S3 Pipeline¶
The S3Pipeline
class is part of the integration with AWS S3, enabling seamless data handling in CGAT pipelines that use both local files and S3 storage. This is particularly useful when working with large datasets that are better managed in cloud storage or when collaborating across multiple locations.
Overview¶
S3Pipeline
provides the following functionalities:
- Integration of AWS S3 into CGAT pipeline workflows
- Lazy-loading of S3-specific classes and functions to avoid circular dependencies
- Facilitating operations on files that reside on S3, making it possible to apply transformations and merges without copying everything locally
Example Usage¶
The S3Pipeline
class can be accessed through the get_s3_pipeline()

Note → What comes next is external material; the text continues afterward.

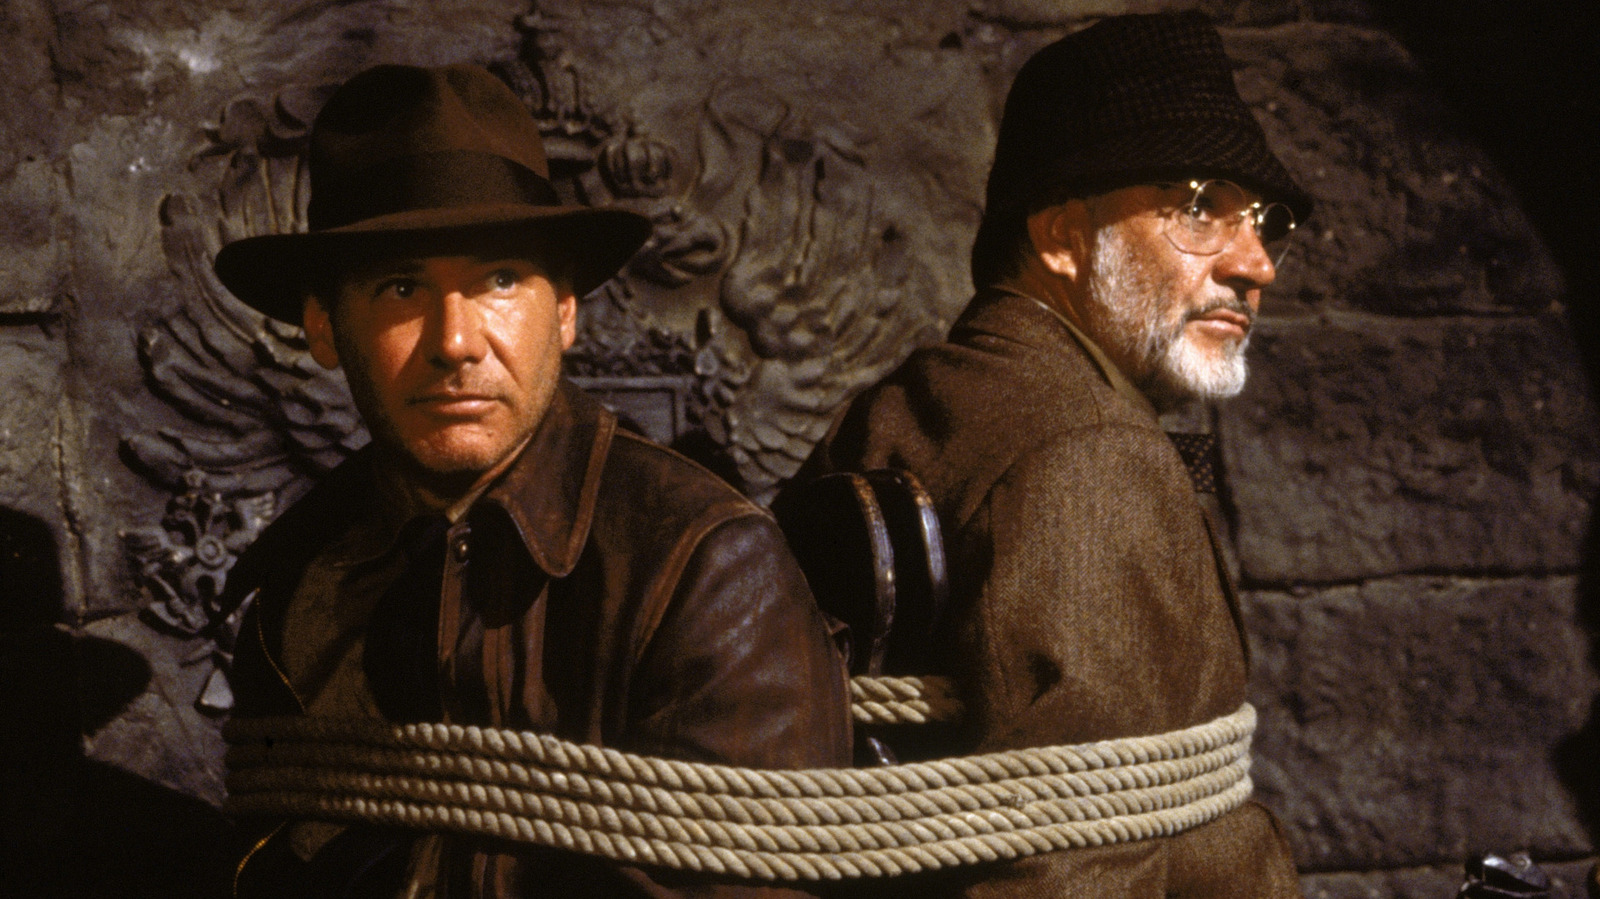 A maior contribuição de Steven Spielberg para a história de Indiana Jones ocorreu na última cruzada
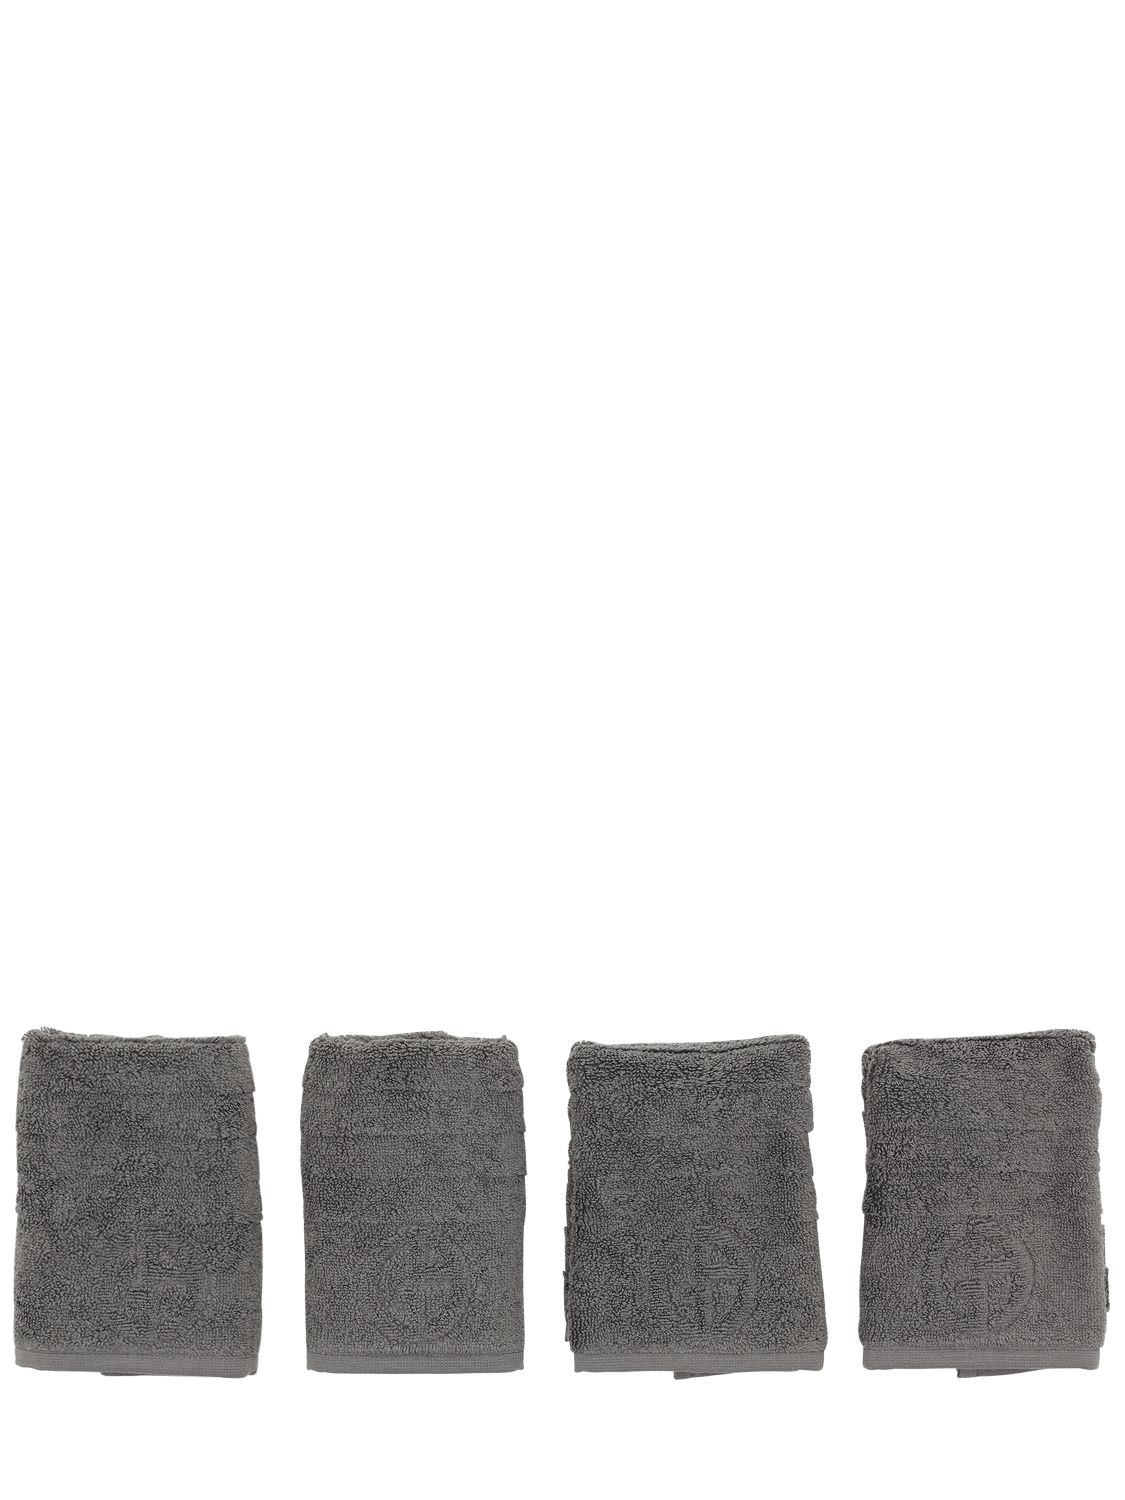 Armani/casa Dorotea Cotton Towel Set In Dark Grey

function, which returns an instance that is lazy-loaded to prevent issues related to circular imports. Below is an example of how to use it:
from cgatcore.pipeline import get_s3_pipeline
# Instantiate the S3 pipeline
s3_pipeline = get_s3_pipeline()
# Use methods from s3_pipeline as needed
s3_pipeline.s3_transform(...)
Building a Function Using S3Pipeline
¶
To build a function that utilises S3Pipeline
, you can follow a few simple steps. Below is a guide on how to create a function that uses the s3_transform
method to process data from S3:
- Import the required modules: First, import
get_s3_pipeline
fromcgatcore.pipeline
. - Instantiate the pipeline: Use
get_s3_pipeline()
to create an instance ofS3Pipeline
. - Define your function: Use the S3-aware methods like
s3_transform()
to perform the desired operations on your S3 files.
Example Function¶
from cgatcore.pipeline import get_s3_pipeline
# Instantiate the S3 pipeline
s3_pipeline = get_s3_pipeline()
# Define a function that uses s3_transform
def process_s3_data(input_s3_path, output_s3_path):
@s3_pipeline.s3_transform(input_s3_path, suffix(".txt"), output_s3_path)
def transform_data(infile, outfile):
# Add your processing logic here
with open(infile, 'r') as fin:
data = fin.read()
# Example transformation
processed_data = data.upper()
with open(outfile, 'w') as fout:
fout.write(processed_data)
# Run the transformation
transform_data()
Methods in S3Pipeline
¶
s3_transform(*args, **kwargs)
: Perform a transformation on data stored in S3, similar to Ruffustransform()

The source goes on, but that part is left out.